# Growing Bucephalandra fully emersed



## gex23 (1 Apr 2019)

A question for all you Buce experts 

I know Bucephalandra can be grown partially emersed above the water level, but i'm wondering if it can be grown fully emersed in a high humidity environment?

The reason I ask is that I want to try some out in my dart frog tanks in the substrate (fluval stratum) which is constantly damp - the environment has a relative humidity of between 85% and 95%, with automated misting twice per day x 60 seconds - will this be enough?


----------



## castle (1 Apr 2019)

Will be fine, but needs to be almost 100% humidity, and misting will be needed in my experience.


----------



## Mick.Dk (1 Apr 2019)

You can almost certainly grow some Bucephalandra in these conditions. Commercially produced Bucephalandra are grown emerse. Be aware,  that different types of Bucephalandra will react differently to environment - so if one type likes your set-up,  another type may not like it at all. 
Also be aware,  that if leaves are constantly wet (as in really WET),  fungi will almost certainly germinate.  Some of those fungi are very liky to be harmfull to your Bucephalandra.


----------



## X3NiTH (1 Apr 2019)

Yes you can






Like Mick says they are susceptible to Fungi, more specifically water molds (Oomycota).

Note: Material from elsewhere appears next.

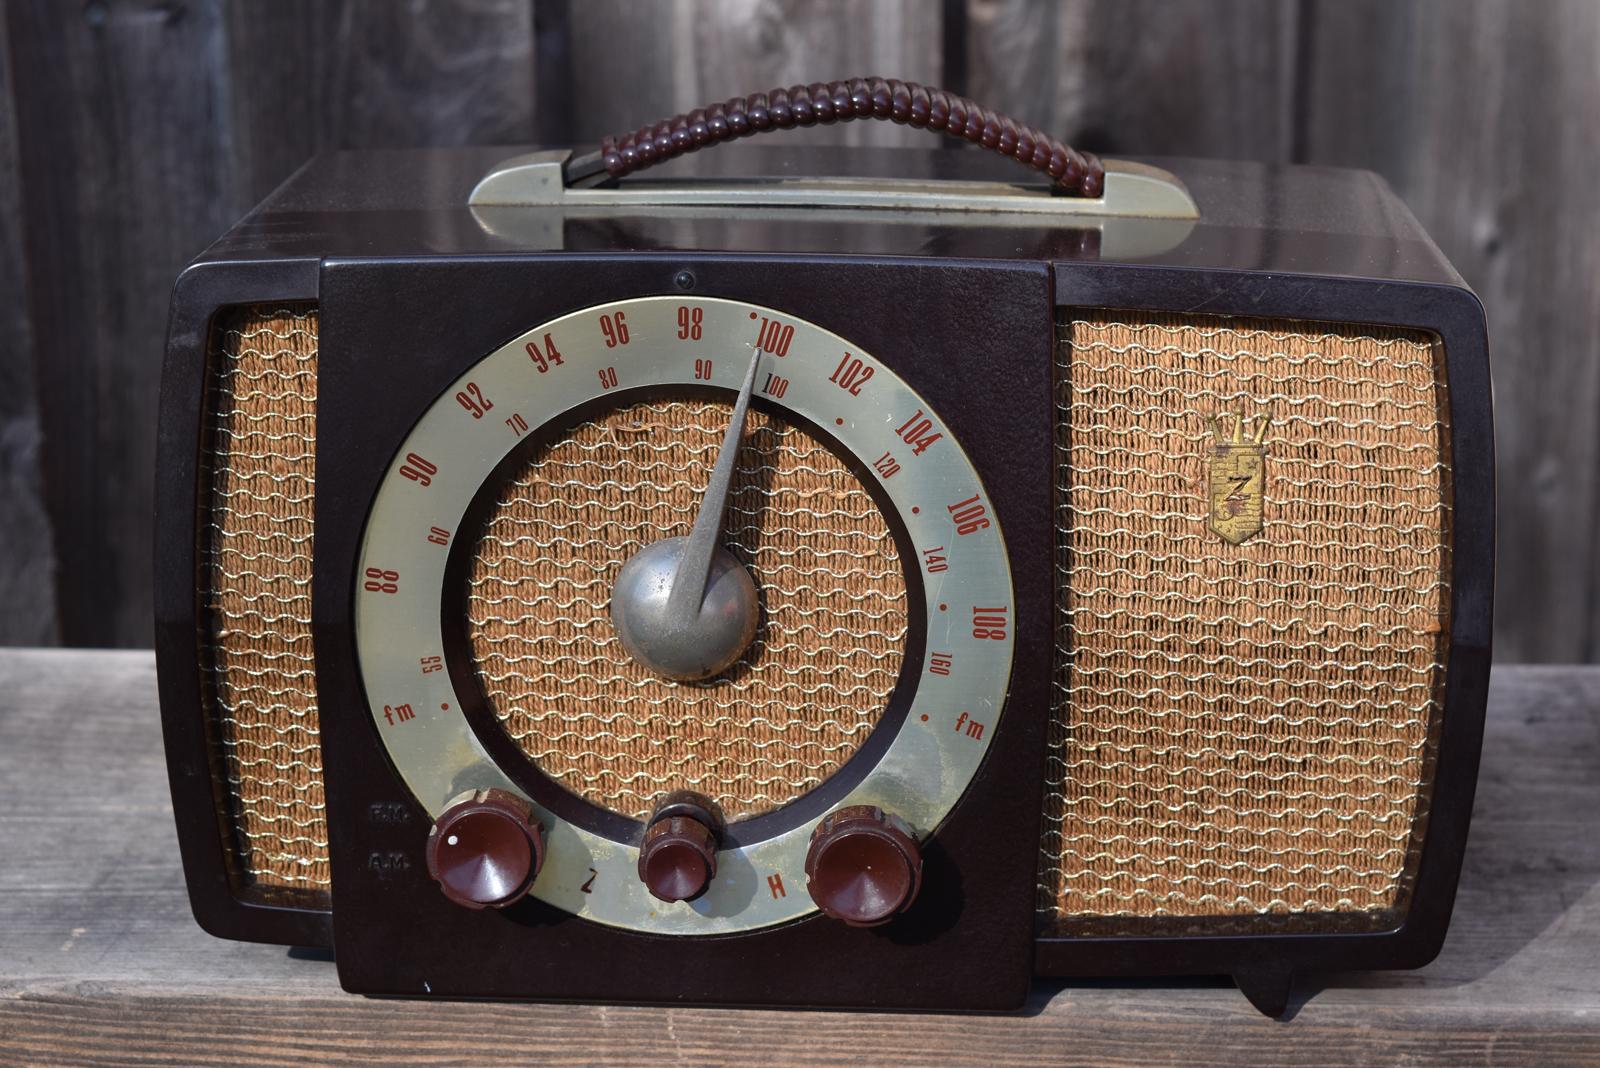 Radio by zenith year models Radio Attic's
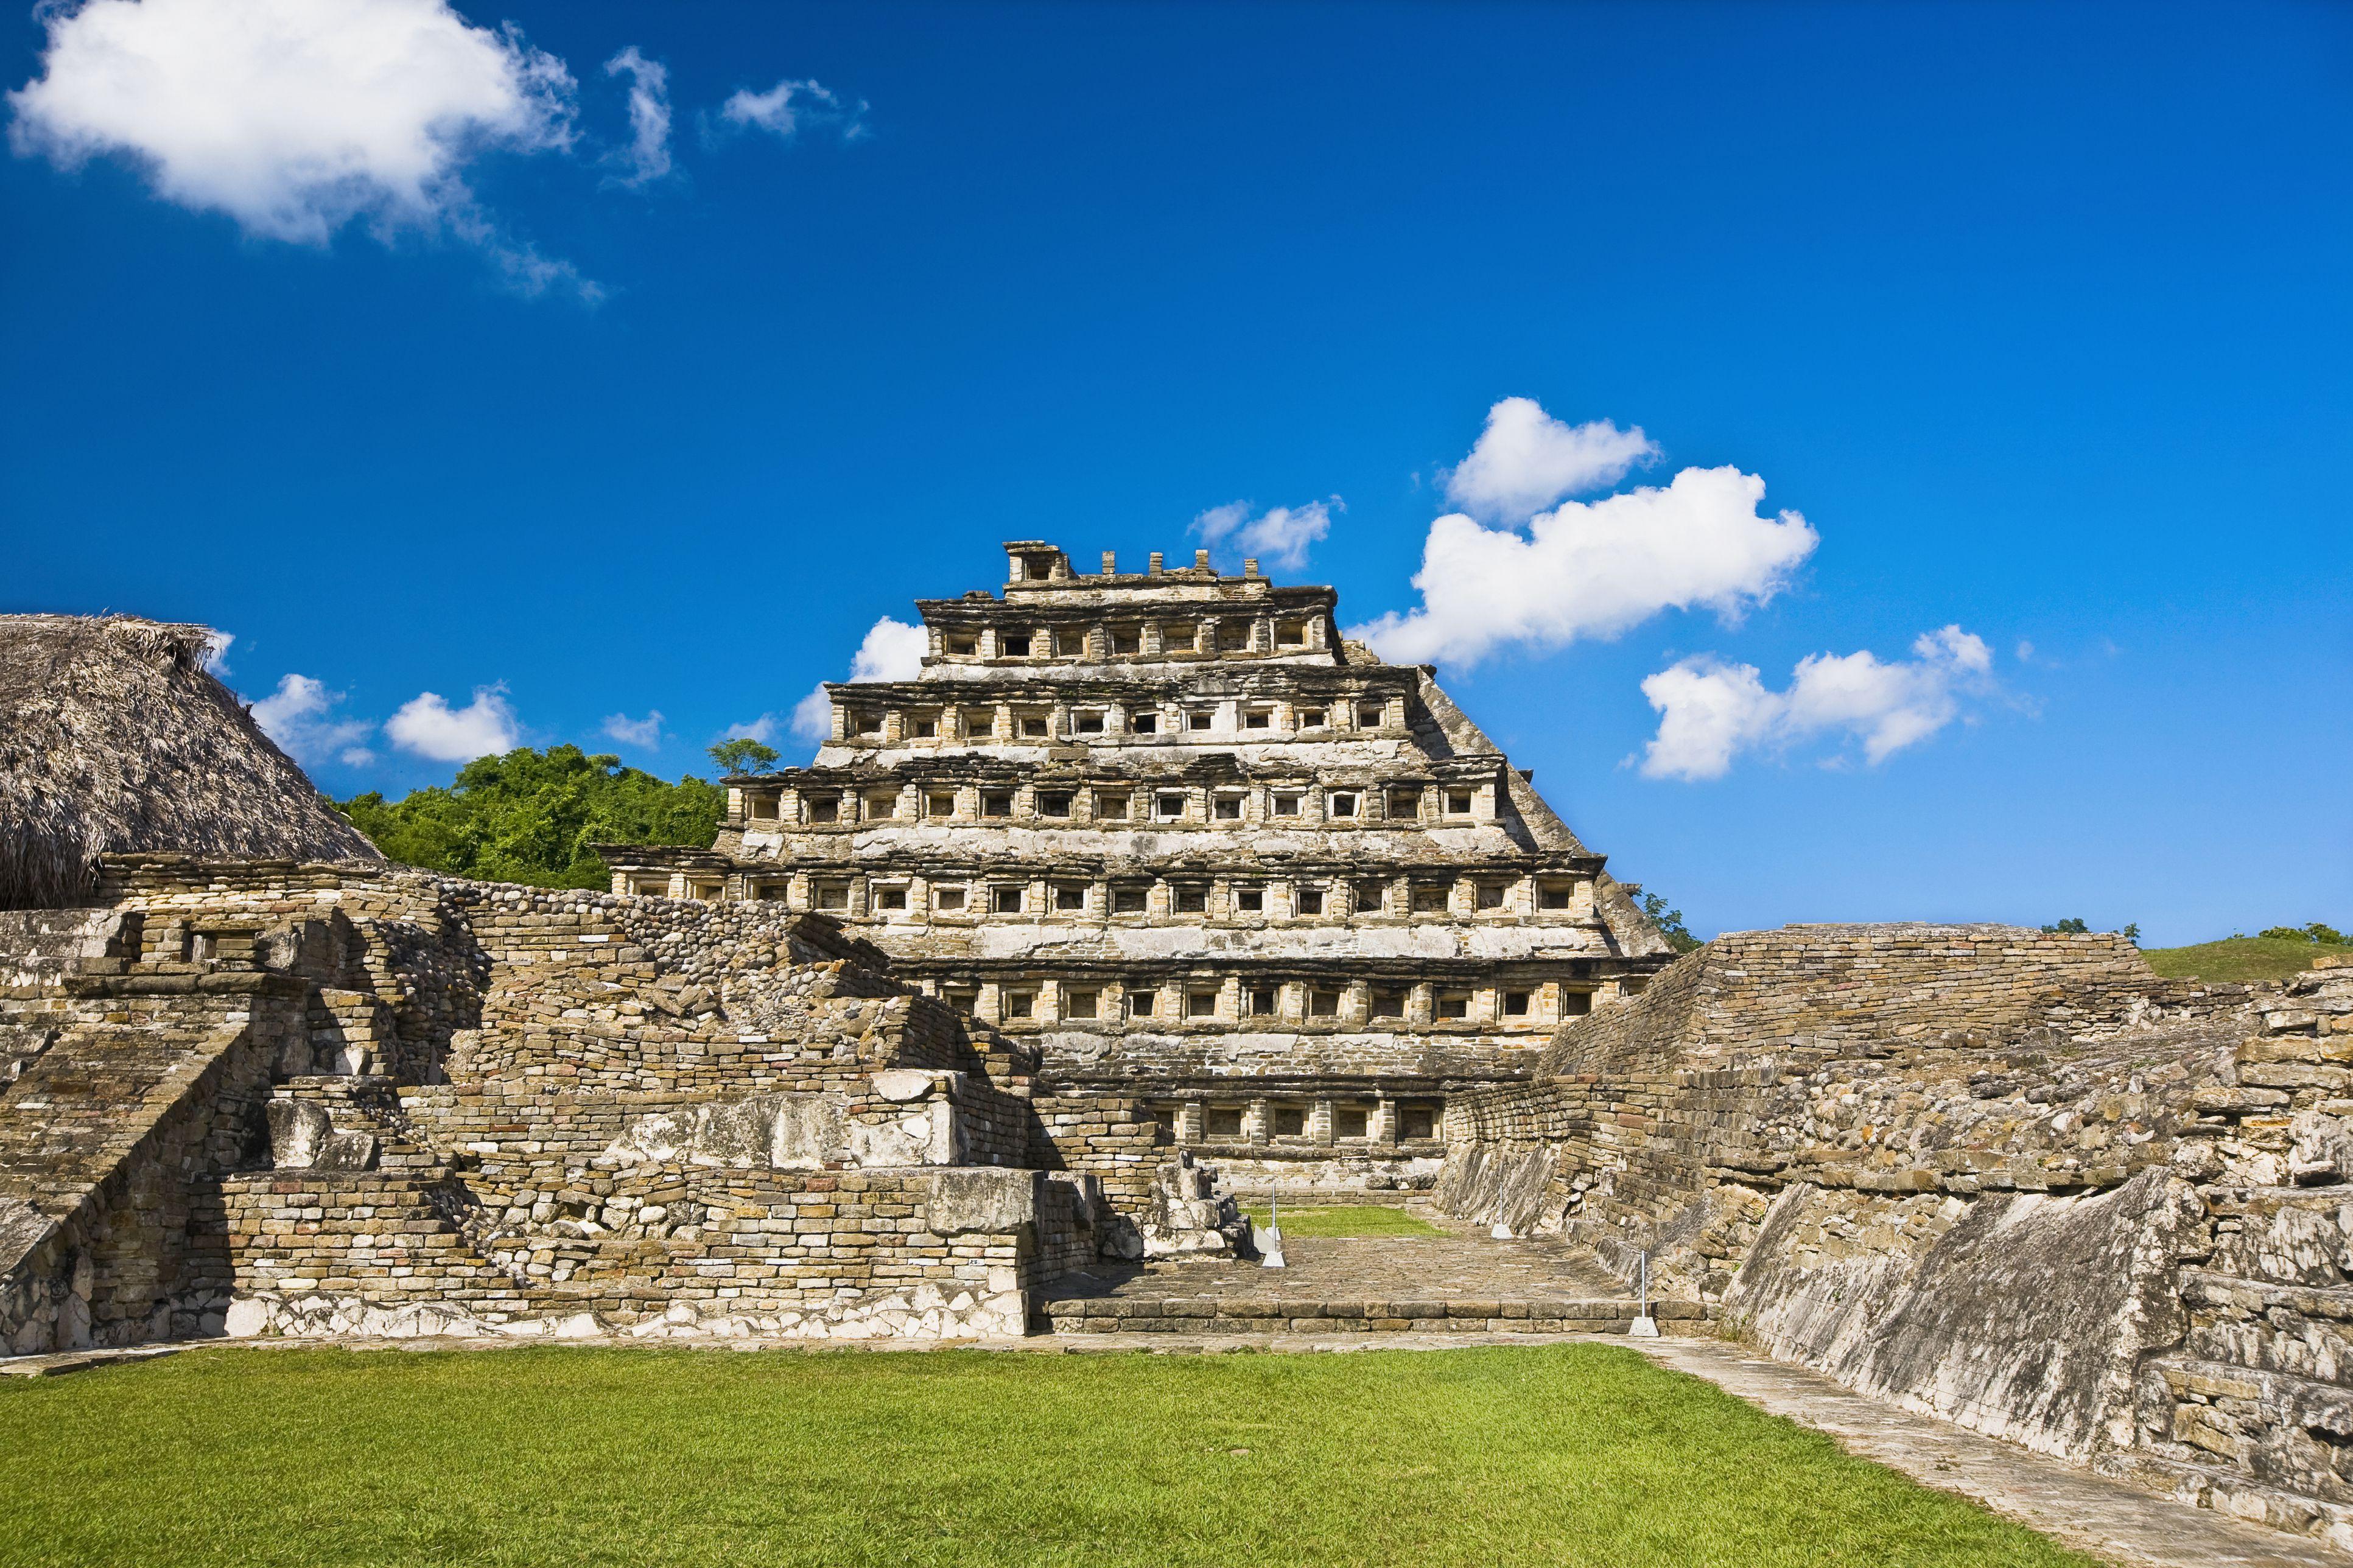 Pyramid on a landscape, Pyramid Of The Niches, El Tajin, Veracruz, Mexico

That's not to say it can't be done.





The above pic is my Moss tank, the substrate is handfuls of bog where the sphagnum came from, very high humidity (sealed tank, no spraying), this Buce is one of two that went in this tank and were obliterated completely in very short succession so thought that was the end of the experiment, it over grew with sphagnum so couldn't see what was going on, it was only when I went to plant a Saracenia in there that I found it regrowing (on top of moss that grew in its remains), in extreme health I would say, the second plant is throwing out a tiny couple of leaves (seen at the tip of the leftmost leaf). The conditions in this tank are less than ideal, there is a lot of mycology in the tank, some beneficial and some detrimental, quite a battle went on and even some slime mold made an exploratory trip across the glass over the space of a few hours before it dried out.





Some moss appears to be able to survive this battleground.





I think in emersed environments the observation that Buce are found living in tandem with moss is not just a coincidence but that one may confer resistance from the presence of the other (moss antiseptic qualities).



Ps. These types of destructive molds apparently stop growing when the ambient air temp exceeds 30c.


----------



## Edvet (2 Apr 2019)

In nature they grow mostly on rocks above the water and only get submerged in high water season.


----------



## Hanuman (3 Apr 2019)

On rock yes but along side moss which is damped. Bucephalandra mostly feeds from roots so roots need to be in water or highly humid otherwise it dies.

Growing bucephalandra emersed is possible but challenging because possibility of mold development. As long as you have good air circulation then it should be fine.


----------